The Members
W W Technology Holdings Limited Mumbai
Your Directors have pleasure in presenting their 37thAnnual Report with the audited
accounts for the year ended 31st March, 2020.
1. Financial Results
During the year under review, the Company has earned total income of Rs. 3,772,914 and
earned a profit of Rs. 557,341 after providing for provision for taxation of Rs. 127,046.
The Company's financial performance for the year ended March 31, 2020 is summarized
below:-
Particulars |
For the year ended 31st March, 2020 |
For the year ended 31st March, 2019 |
Profit Before Depreciation and Tax |
557,341 |
1,347,916 |
Depreciation |
NIL |
NIL |
Profit before Tax |
557,341 |
1,347,916 |
Provision for Tax |
(127,046) |
(397,000) |
Deferred Tax |
NIL |
NIL |
Previous Years Adjustments |
NIL |
NIL |
Profit After Tax |
430,295 |
950,916 |
Transferred to General Reserve |
NIL |
NIL |
Surplus in the Statement of P & L Account |
(73,699) |
(503,994) |
*Previous year's figures have been regrouped / rearranged wherever necessary
2. Operations of the Company
The overall performance during the year under review has not been quite satisfactory
due to recession in the overall market. The company is deploying its resources in the best
possible way to increase business volumes and plans to achieve increased turnover in the
current year.
3. IMPACT OF COVID-19
Close to closure of FY 2020, India witnessed advent of COVID-19 pandemic, which has
rapidly developed in many countries across the globe. This forced the Union and State
Governments to enforce strict lockdown and social distancing measures which has affected
the economy.
For FY 2020, the impact of COVID-19 pandemic on Company's operations and financials has
been trivial. Post March 2020, the Company's challenge in carrying out operational
activities centers around coordinating effectively with logistics, and facilitation of
movement for the employees.
Your Company's management has taken pre-emptive measures to address the impending
adversity. The
Company is optimistically poised to maintain its operational and financial strength.
However, the element of uncertainty prevails as to what extent this pandemic will play
with its severity in coming months to impact business and society at large.
The Company focused on the health and well-being of its employees.
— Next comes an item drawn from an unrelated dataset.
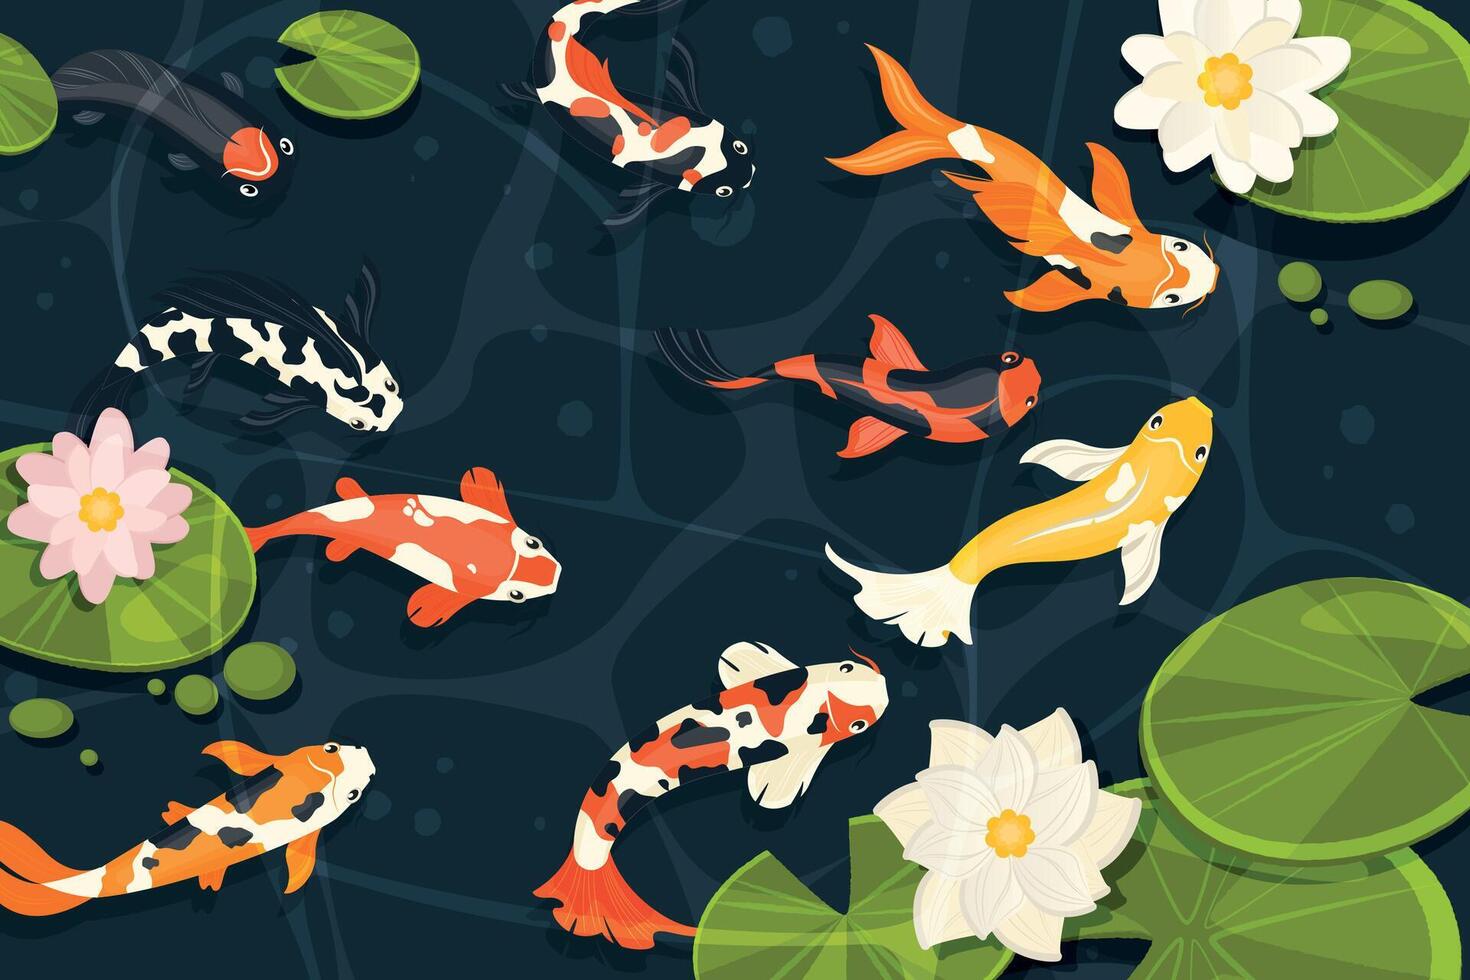 Pond with koi fish. Exotic decorative goldfish, cartoon chinese carp swimming in lake with lotus flowers in cartoon style. Vector illustration

The concept of Work
from Home has been streamlined and employees were encouraged to give their measurable
output to maintain continuity across functions of the organization
4. Dividend
Considering the need to conserve resources for future projects, your Directors have not
recommended any dividend for the financial year ended 31st March, 2020.
5. Share Capital
During the year under review, there was no change in the share Capital structure and
the paid up capital of the Company.
6. Public Deposits
The Company has not accepted any fixed deposits from public.
7. Particulars of Loans, Guarantees or Investments
Loans, Guarantees and Investments covered under the provisions of Section 186 of the
Companies Act, 2013 form part of the notes to the financial statements provided in this
Annual Report.
8. Particulars of Contracts or arrangements with related parties
All related party transaction entered into during the financial year were on arm's
length basis and were in the ordinary course of the business. There are no materially
significant related party transactions made by the company with related parties which may
have potential conflict with interest of the company at large. The particulars of such
contract or arrangements entered into by the company with related parties referred to in
sub-section (1) of section 188 of the companies Act, 2013 are attached herewith in
annexure II A in Form No. AOC - 2.
All related party transactions are approved by the Audit Committee. Prior omnibus
approval is obtained from the Audit Committee in respect of the transactions which are
repetitive in nature. The transactions entered into pursuant to the omnibus approval so
granted are reviewed on a quarterly basis by the audit committee.
The Policy of Related Party transaction / Disclosures are approved by the Board is
posted on the Company's website vizwww.wwtechnology.in
9. Number of meeting of Board of Directors
During the Financial year under review, the Company had 7 Board Meetings on 17.05.2019,
13.08.2019, 31.10.2019, 14.11.2019, 02.01.2020, 23.01.2020 and 04.02.2020 accordance with
the provisions of the Companies Act, 2013 and rules made thereunder and all Directors have
attended all meetings during the year under review.The gap intervening between two
meetings of the board is as prescribed in the Companies Act, 2013.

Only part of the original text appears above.